Ziaire Williams (improved shooting and efficiency after the All-Star break) will surely see a larger role in his second season and his 3-point shooting should be a huge X factor all year. The Grizzlies were the first team in 26 seasons of play-by-play data to finish in the top five in offensive efficiency while ranking in the bottom 10 in effective field goal percentage. They lost one of their four guys who shot the league average or better on at least 100 3-point attempts (Melton) and the one they got back (Green) probably won’t be available all season. Jaren Jackson Jr. wasn’t one of those four guys and now he’ll be (missing games and) coming back from another serious injury.
But if Williams can make some catch-and-shoot looks, if Morant can shoot more like he did after the All-Star break (40.4% from beyond the arc), and if Jackson can find his shot when he returns, the Grizz can better complement all those points in the paint.
2021-22 record: 52-30
Pace: 95.6 (30), OffRtg: 112.5 (14), DefRtg: 109.1 (7), NetRtg: +3.5 (7)
Key addition(s): Christian Wood, JaVale McGee
Key departure(s): Jalen Brunson
Three numbers to know…
- The Mavs took only 43% of their shots, the league’s lowest rate, in the paint. And their effective field goal percentage on shots from outside the paint (50.1%) was below the league average (50.2%).
- Luka Doncic has accounted for two of the three highest postseason usage rates in the 26 years for which we have play-by-play data, 39.1% in 2021 and 38.9% in 2022. Those marks have only been topped by Russell Westbrook’s usage rate of 45.2% in 2017.
Key question: Can they find new sources of offense?
Wood and McGee will help up front. Wood shot 39.7% on catch-and-shoot 3s, being set up by lesser playmakers than Doncic, last season. And the McGee addition gives the Mavs two of the four players – Dwight Powell (1.42) and McGee (1.40) – who scored 1.4 points per possession or better on at least 100 roll-man possessions last season. Doncic pick-and-rolls will remain a pick-your-poison situation for opposing defenses.
But this team lost a lot of off-the-dribble juice with Brunson’s departure.
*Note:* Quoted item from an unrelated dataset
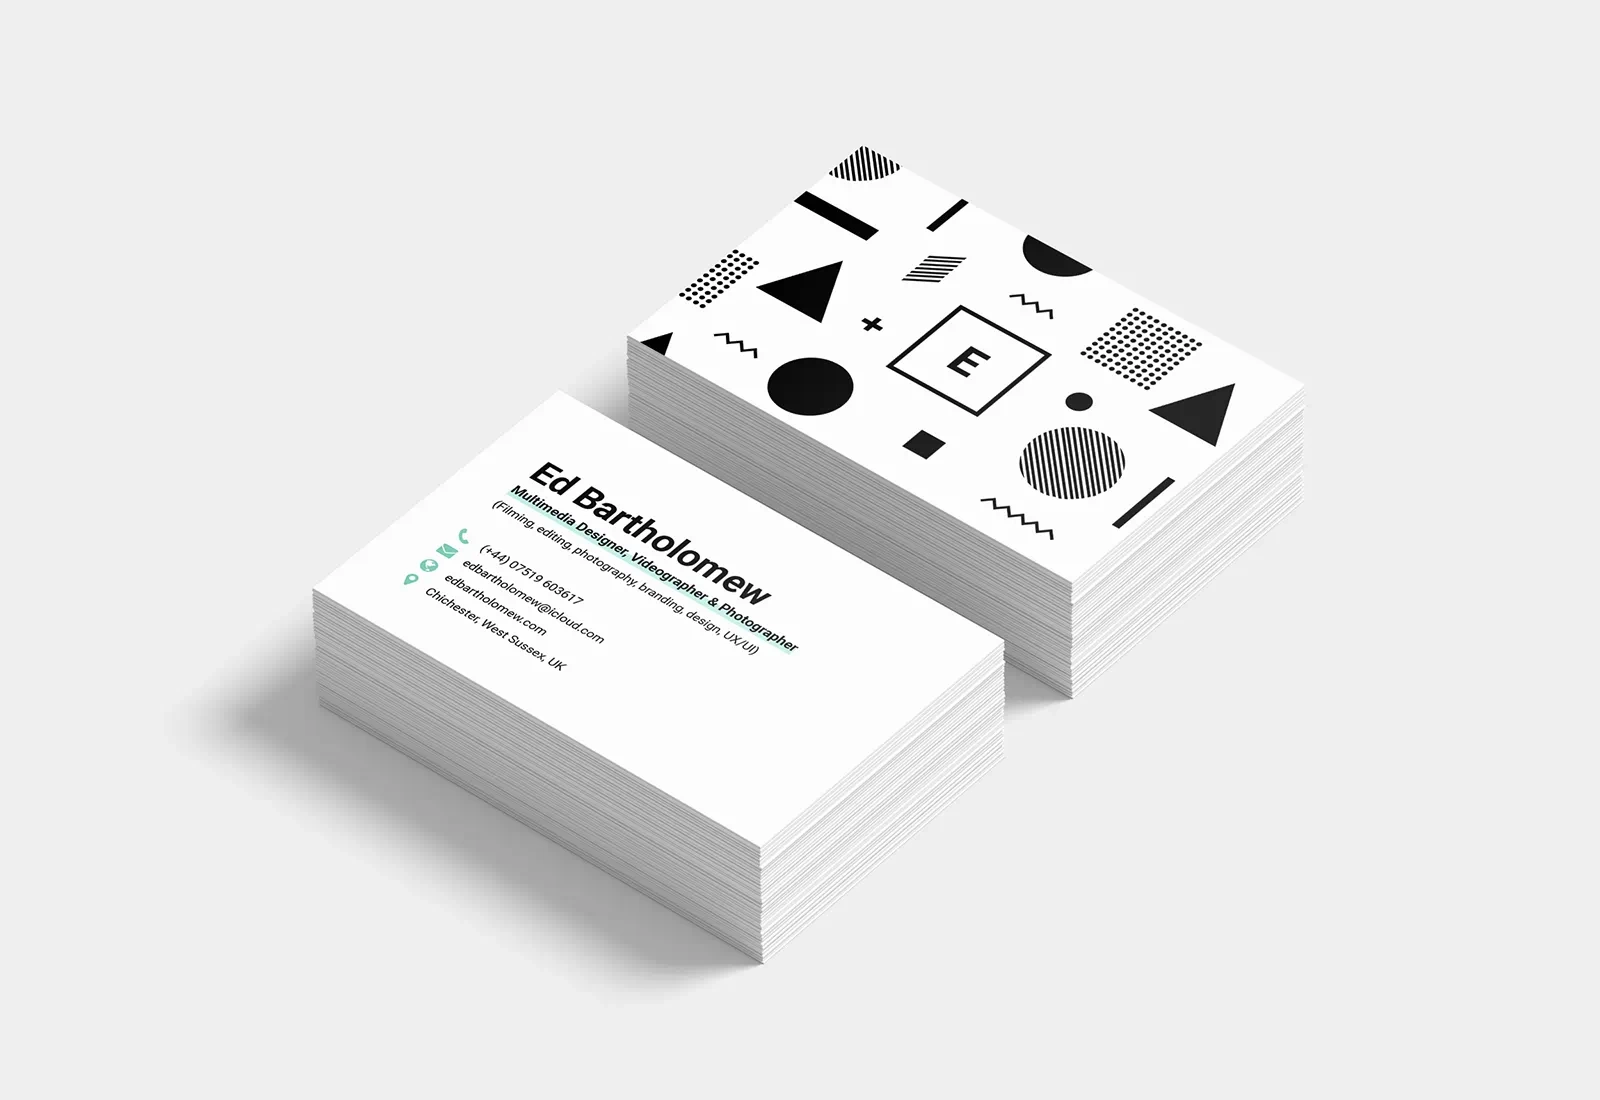 Both the back and the front of the Ed Bartholomew business cards are displayed at a slight angle. The front shows the brand’s logo, surrounded by a variety of shapes in black and white. In a similar design to the website, the back displays my contact information in a clean and modern style

Dallas ranked 29th in paint points and Brunson was second on the team with 600 total. And among 52 guards with at least 500 drives last season, only Chris Paul (58.2%) shot better than Brunson (56.7%) on those drives. The Mavs scored 115.1 points per 100 possessions in 1,691 total minutes (regular season plus playoffs) with Doncic and Brunson on the floor together, but just 109.3 in 1,162 minutes with Doncic on the floor without Brunson.
If you’re going to put your entire offense on the shoulders of one guy, Doncic is that guy. The Mavs will now have Spencer Dinwiddie (41% from 3-point range with Dallas) for a full season, and the defensive improvement they saw in Jason Kidd’s first season was critical. But they’re still lacking some secondary dynamism on the perimeter.
2021-22 record: 46-36
Pace: 101.5 (1), OffRtg: 113.8 (7), DefRtg: 111.0 (13), NetRtg: +2.7 (10)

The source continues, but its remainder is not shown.